If you’re still looking for a summer read that doesn’t wilt in the heat, you’d be hard-pressed to find a better candidate than Don Winslow’s The Kings of Cool, prequel to Savages (the movie adaptation of which oopened in theaters this July). The riveting Savages was built on short, Tumblr-post-sized chapters. In fact, chapter one memorably contained only two words, the second of which is “you.” Even if you’re flipping actual wood-pulp pages, Savages seems designed for scrolling; compulsively hitting refresh for more.
Kings of Cool not only doesn’t mess with that fast-paced formula, it turns out to be the stronger novel. For all its back-and-forth dialogue and racing-pulse drama, Savages was at times too one-dimensional in its plotting: Mexican drug cartel kidnaps O (short for Ophelia), Ben and Chon race to get their SoCal rich-girl-friend-with-benefits back.
Parallel narratives add considerable depth to Winslow's prequel. In addition to providing more background on how Ben and Chon got started in the business of hydroponic cannabis (the duo goes grow-house-hunting with a real-estate agent) and O’s dysfunctional relationship with her Orange County serial trophy mom, Paqu (“passive aggressive queen of the universe”), Kings flashes back to Southern California in the ’60s, when drugs became widespread in the laid-back Laguna Beach surfing community—and it turns out the trio’s parents had quite a lot to do with spreading them.

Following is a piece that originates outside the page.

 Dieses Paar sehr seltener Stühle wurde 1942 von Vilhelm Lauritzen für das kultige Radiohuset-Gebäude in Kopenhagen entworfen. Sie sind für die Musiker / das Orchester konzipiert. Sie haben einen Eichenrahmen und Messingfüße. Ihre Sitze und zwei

We follow Chon’s dad, John, as he transforms from a 14-year-old skateboarder into a big-time weed dealer under the tutelage of Doc, a larger-than-life surfer Jesus who turns drug profits into free tacos for the hippie multitude. Those lazy, hazy, crazy days soon become a business to be protected, though.

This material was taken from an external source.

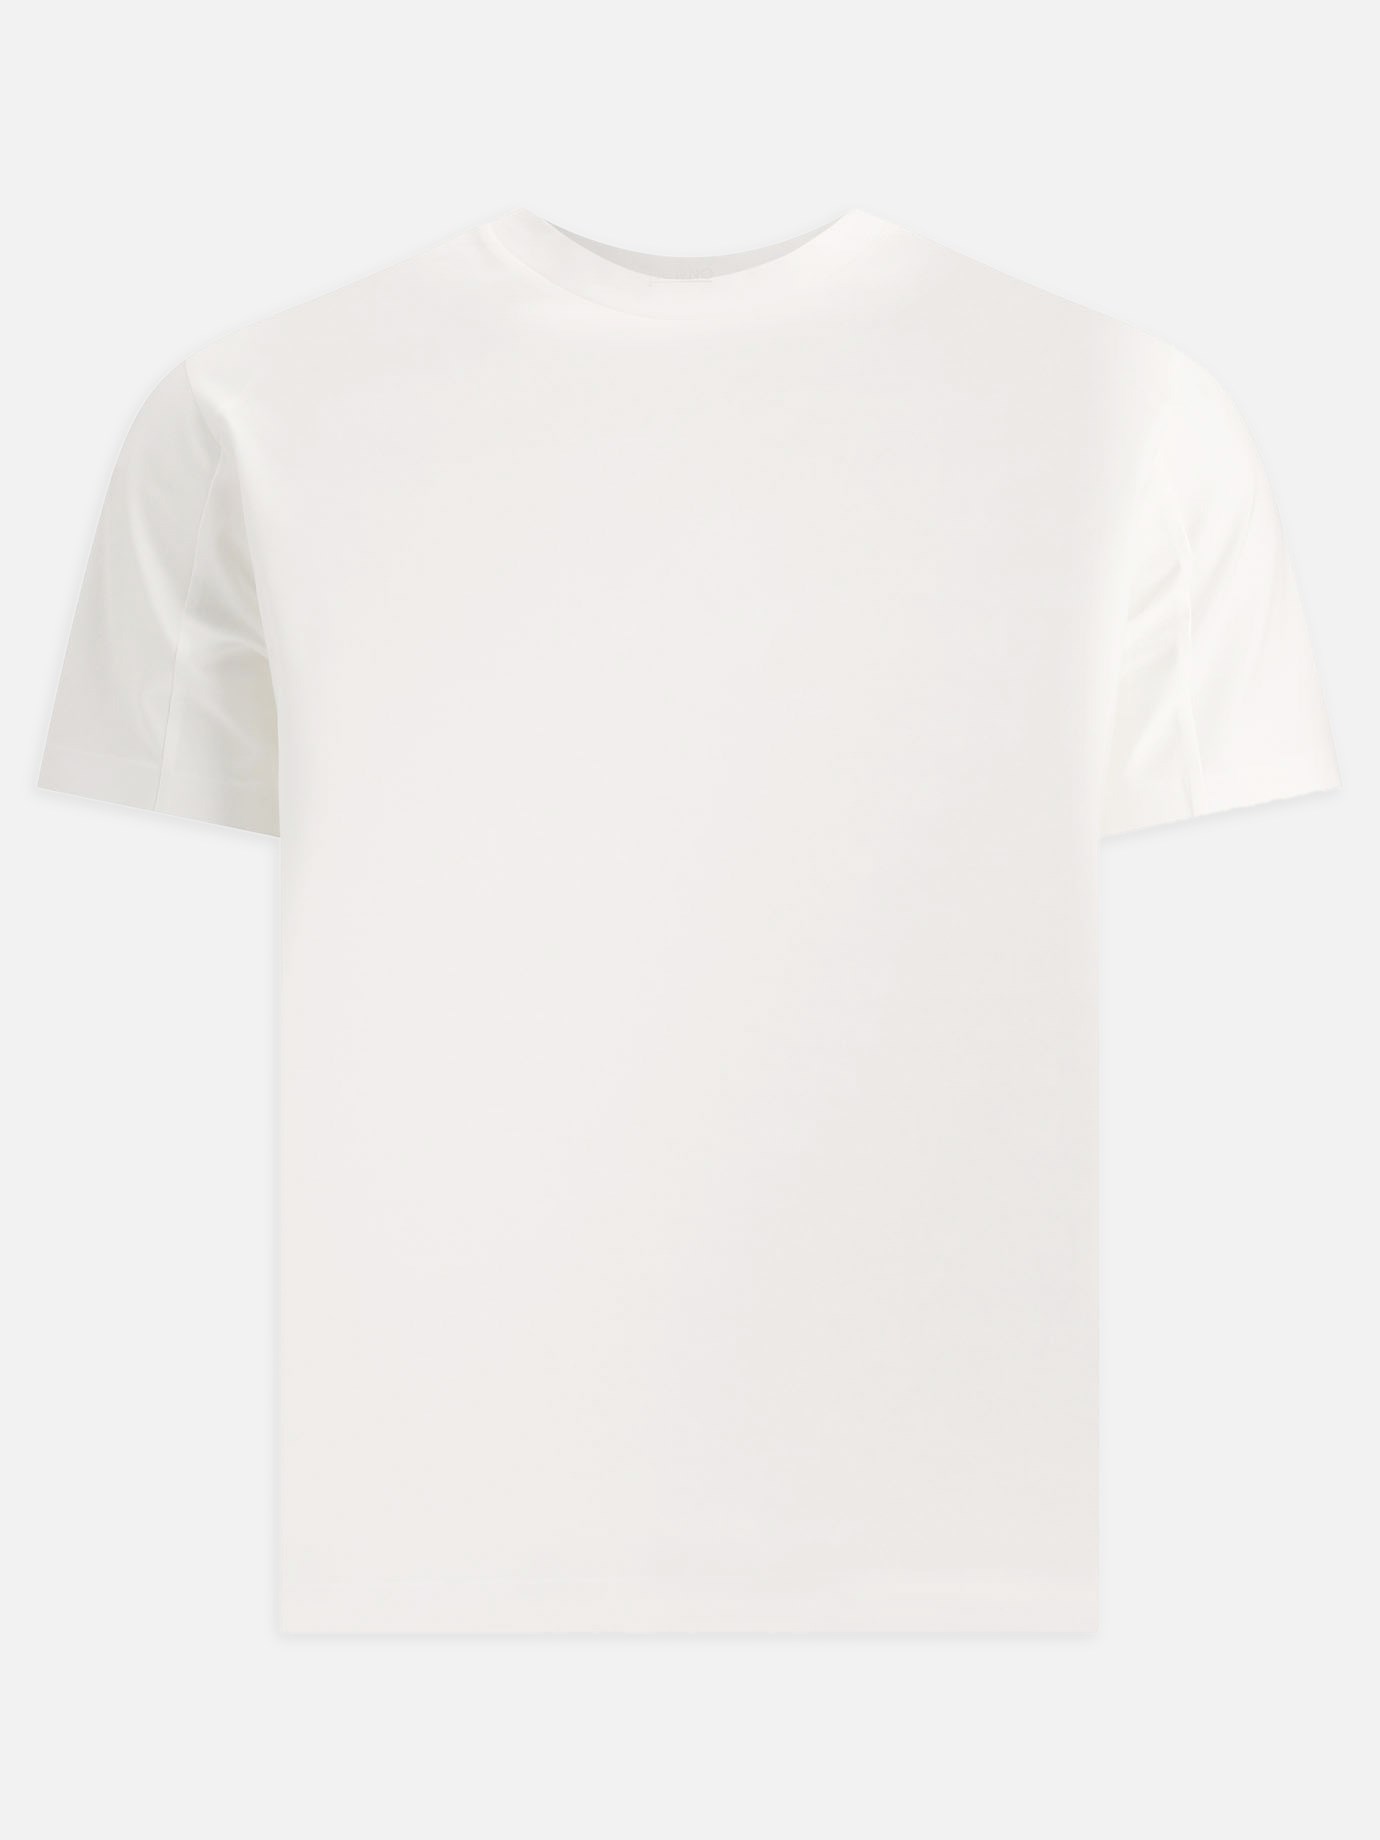 Seamless t-shirtby Herno - 1

A generation later, gentle-soul Ben has yet to learn similar lessons about the changing game of California marijuana dealing as The Kings of Cool begins. He blows off a tough guy with an “old-school stare” who demands a cut of their profit—"because it’s Ben’s understanding that no one controls the marijuana market.” Separately Chon, an Iraq combat vet under no such illusions, nips a few potential problems in the bud—with a baseball bat. They’re stepping on big toes, an organization that has police on their payroll. By the time Ben and Chon realize that things have developed into a....situation, and O, who assigns numbers to her mom’s many husbands, finds out the identity of her birth father, the past has more than caught up to the present for all three of them.